問診や視診、場合によっては血液検査などを通じて薄毛の原因を正確に特定し、一人ひとりの症状や進行度に合わせた最適な治療計画を提案します。
クリニックでの主な治療法
治療法 | 内容 | 主な目的 |
---|---|---|
内服薬 | AGAの原因物質の生成を抑制する薬を服用 | 抜け毛の抑制・AGAの進行停止 |
外用薬 | 発毛を促進する成分(ミノキシジル)を頭皮に塗布 | 発毛促進 |
注入治療 | 成長因子などを頭皮に直接注入 | 発毛促進・毛髪再生 |
内服薬と外用薬によるアプローチ
AGA治療の基本は内服薬と外用薬の組み合わせです。
内服薬でAGAの進行にブレーキをかけ(抜け毛を減らし)、同時に外用薬で発毛を促す(髪を増やす)という、攻めと守りの両面からのアプローチが可能です。

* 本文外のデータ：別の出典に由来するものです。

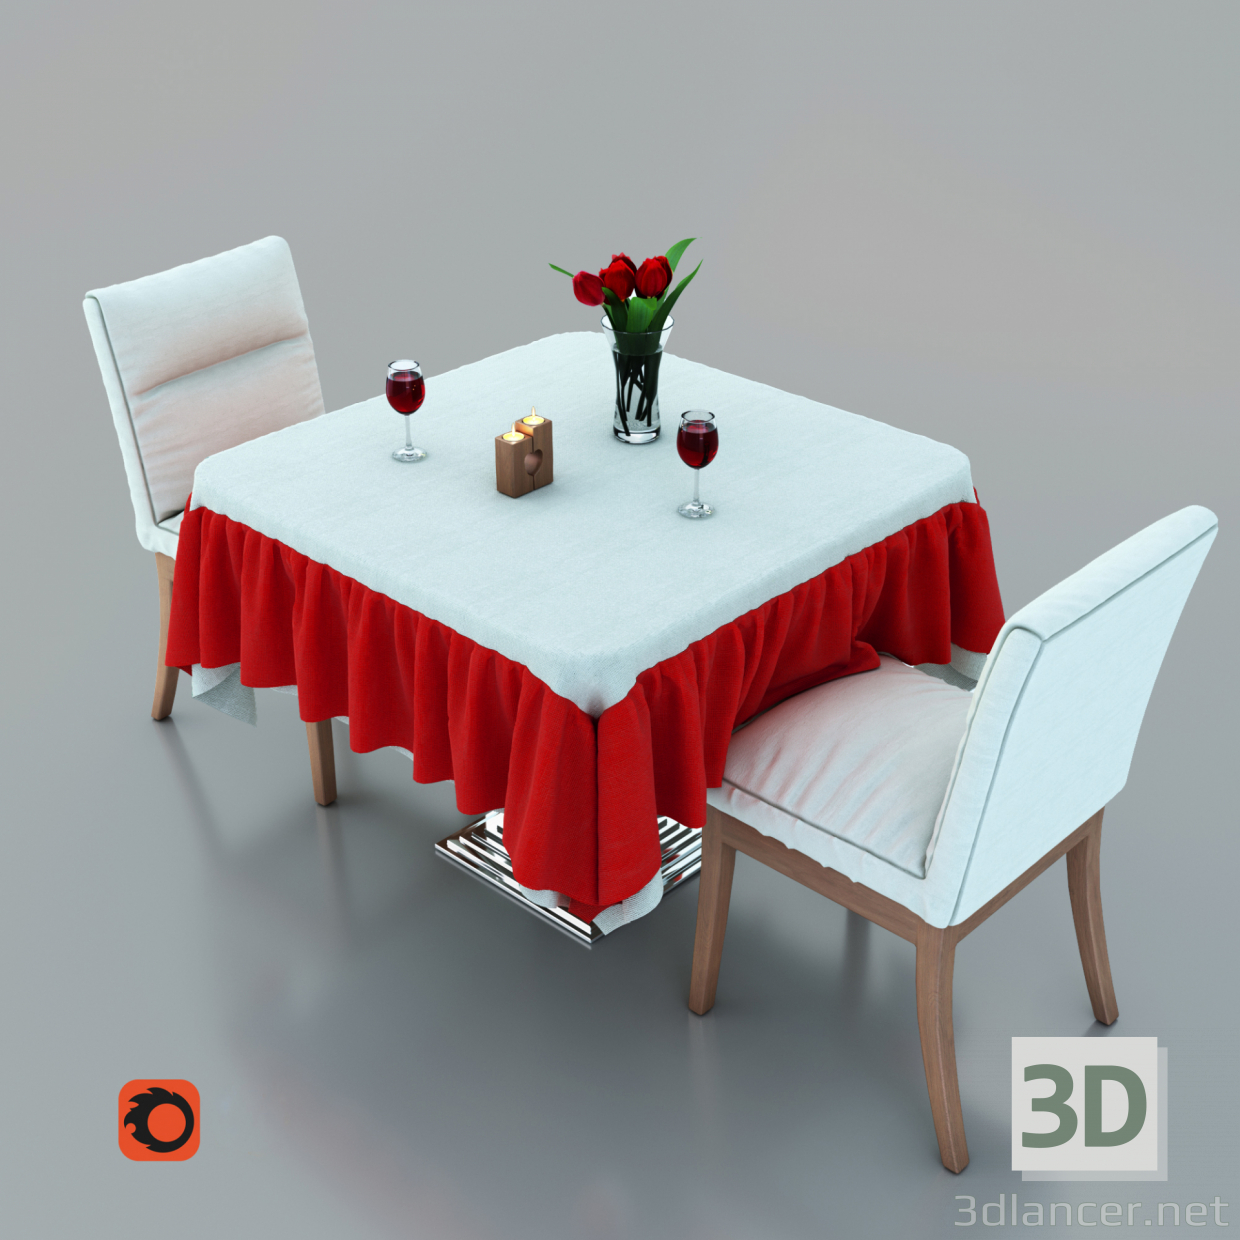 Cafe stolik 3D modelo Compro - render

これらの医薬品は医師の処方が必要であり、市販の育公剤とは効果のレベルが大きく異なります。
治療にかかる費用と期間の目安
AGA治療は自由診療のため、費用は全額自己負担となります。治療内容によって費用は異なりますが、一般的には月々15,000円〜30,000円程度が目安です。

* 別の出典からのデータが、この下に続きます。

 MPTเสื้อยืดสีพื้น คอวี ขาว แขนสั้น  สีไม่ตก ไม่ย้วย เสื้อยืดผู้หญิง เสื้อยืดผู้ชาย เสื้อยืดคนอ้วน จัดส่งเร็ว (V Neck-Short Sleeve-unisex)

また、効果を実感するまでには最低でも6ヶ月程度の継続治療が必要です。
よくある質問(Q&A)
育毛剤や薄毛治療に関して、患者さんからよく寄せられる質問とその回答をまとめました。
- 育毛剤と発毛剤は併用できますか?
-
自己判断での併用は推奨しません。
特に医薬品である発毛剤は他の製品と組み合わせることで予期せぬ副作用を引き起こす可能性があります。異なる製品を使用したい場合は、必ず医師や薬剤師に相談してください。
クリニックでは患者さんの状態に合わせて最適な薬剤の組み合わせを処方します。
- 効果はどのくらいで実感できますか?
-
育毛剤、発毛剤、クリニックでの治療いずれにおいても、効果を実感するまでには時間がかかります。ヘアサイクルを考慮すると、最低でも3ヶ月から6ヶ月は継続することが必要です。
焦らず根気強くケアを続けることが大切です。
- 女性用の育毛剤を男性が使っても良いですか?
-
男性と女性では薄毛の原因が異なるため、それぞれに特化した成分が配合されています。
男性が女性用を使用しても大きな問題は起こりにくいですが、十分な効果は期待できません。ご自身の性別に合った製品を使用してください。
- クリニックの治療は保険適用されますか?
-
AGA(男性型脱毛症)の治療は生命に直接関わる病気とは見なされないため、公的医療保険の適用外となり、自由診療となります。つまり、治療費は全額自己負担です。
ただし、医療費控除の対象となる場合がありますので、詳しくはスタッフにお尋ねください。